For an enhanced representation of longitudinal diversity in regional values, in Fig. 2b each region is assigned a coloured triangle which changes orientation and colour with longitude (from left-pointing to right-pointing and from blue to red when moving from the westernmost region to the easternmost region, respectively). It is apparent from the month-by-month longitudinal analysis (Fig. 2b) that the remote impact of the wildfire emissions was not immediate, as the anomalies outside of the Canadian-adjacent regions are mainly seen starting from the month of June onwards, while the fires broke out in May, first in the region of Alberta. While the AOD anomalies are naturally highest in the WC&US and EC&US, the influence on AOD throughout the NH steadily increases until July, then steadily decreases (Fig. 2b). A longitudinal gradient is apparent even in the general vicinity of Canada, as the A&NEP region features very low AOD anomalies, and a higher AOD anomaly is present in the EC&US than in the WC&US region for most of the analyzed months (Fig. 2a, b).

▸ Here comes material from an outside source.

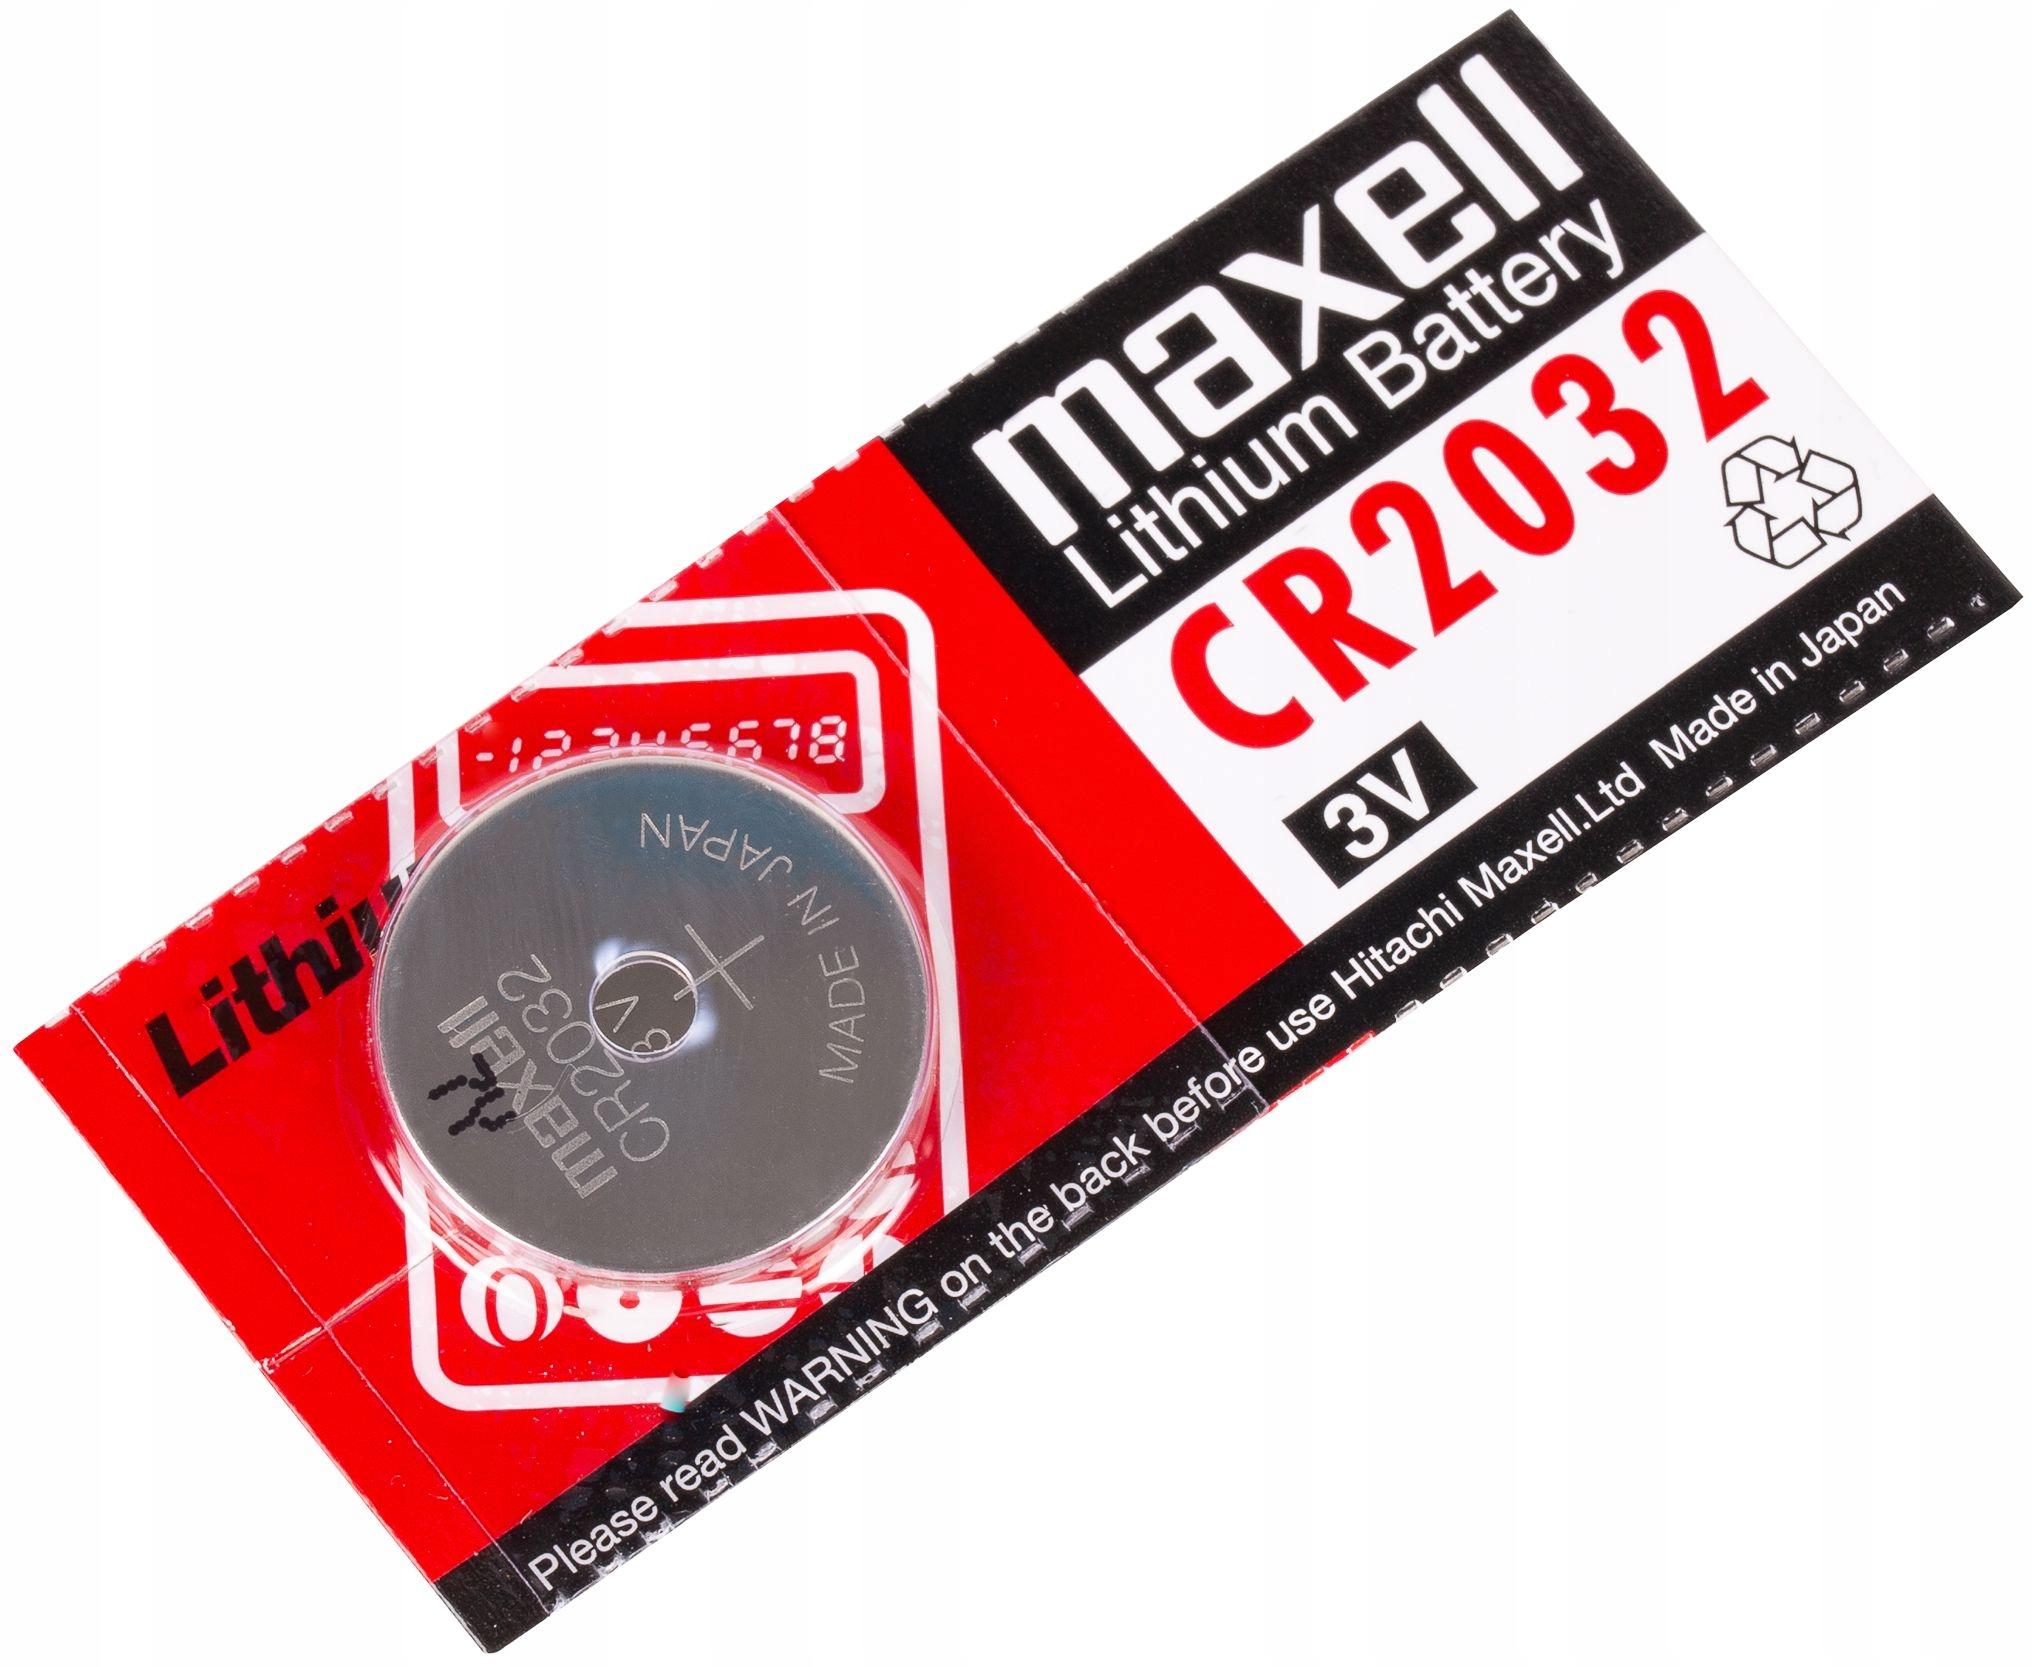 аккумулятор литиевая cr 2032 maxell cr2032 3v возможность

A comparison between measurements and model output AOD was performed, over the area where the bulk of the aerosol pollution is located, i.e. Canada. First, 10 AERONET sites30 within the Canadian borders have been selected and their AOD averages for May-September 2023 have been compared with model AOD (Fig. 3). These stations have been selected based on having data for at least approximately half of the period of interest (which is the case of, for example, the “Churchill” station), and on the basis of covering Canada’s territory as evenly as possible. The black numbers represent correlation and differences between FIRE values and AERONET values, and the red numbers represent correlation and differences between noFIRE values and AERONET values. A blue highlight signifies that more than half of the month is covered by the data (marked in legend as “Good”), yellow suggests that half or more than half of the month is missing from the data (marked in legend as “~1/2 data missing”), and red indicates an almost complete lack of data wherein three quarters or more of the month is missing from the data and less than 5 consecutive days of data exist (marked in legend as “Almost no data”).

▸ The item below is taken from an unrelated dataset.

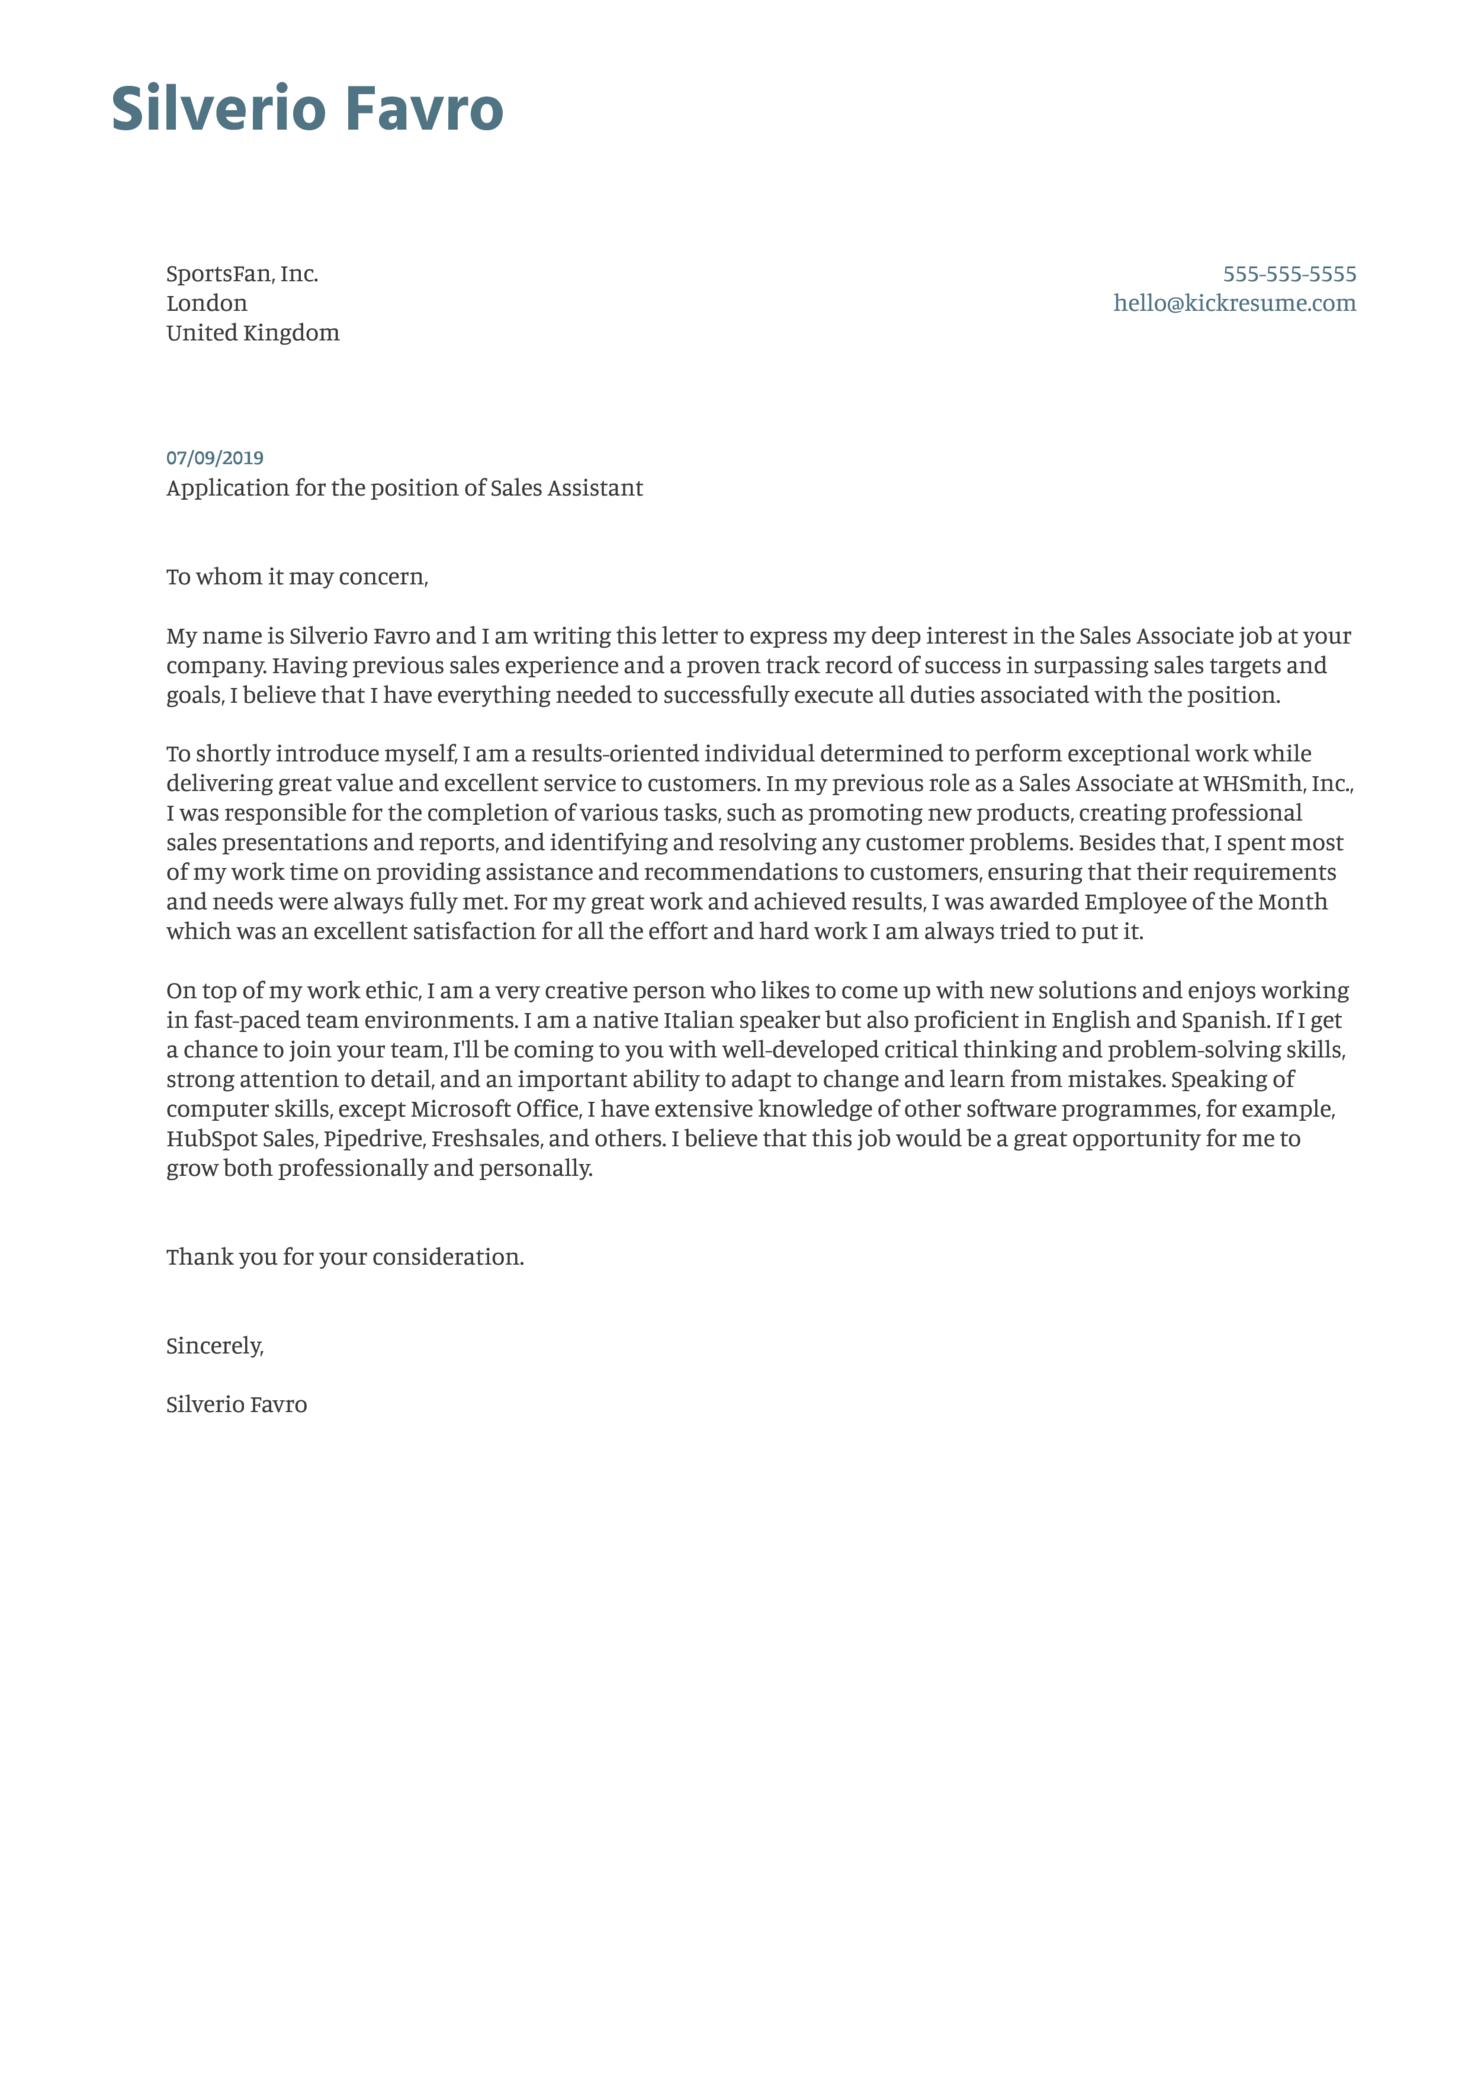 Sales Assistant Cover Letter Sample

Fig. 3: Comparison between model AOD and AERONET AOD.
figure 3

a Correlation between model AOD and AERONET AOD. b Bias of model AOD compared to AERONET AOD. Legend indicates the respective “monthly data quality” for each station. Map of Canada in the background obtained via the OpenStreetMap project, available as open data under the Open Data Commons Open Database License at openstreetmap.org. Main wildfire sites in background (pink spots) obtained via National Burned Area Composite dataset of the Canadian Wildland Fire Information System, available as open data under the Creative Commons Zero at https://cwfis.cfs.nrcan.gc.ca/datamart.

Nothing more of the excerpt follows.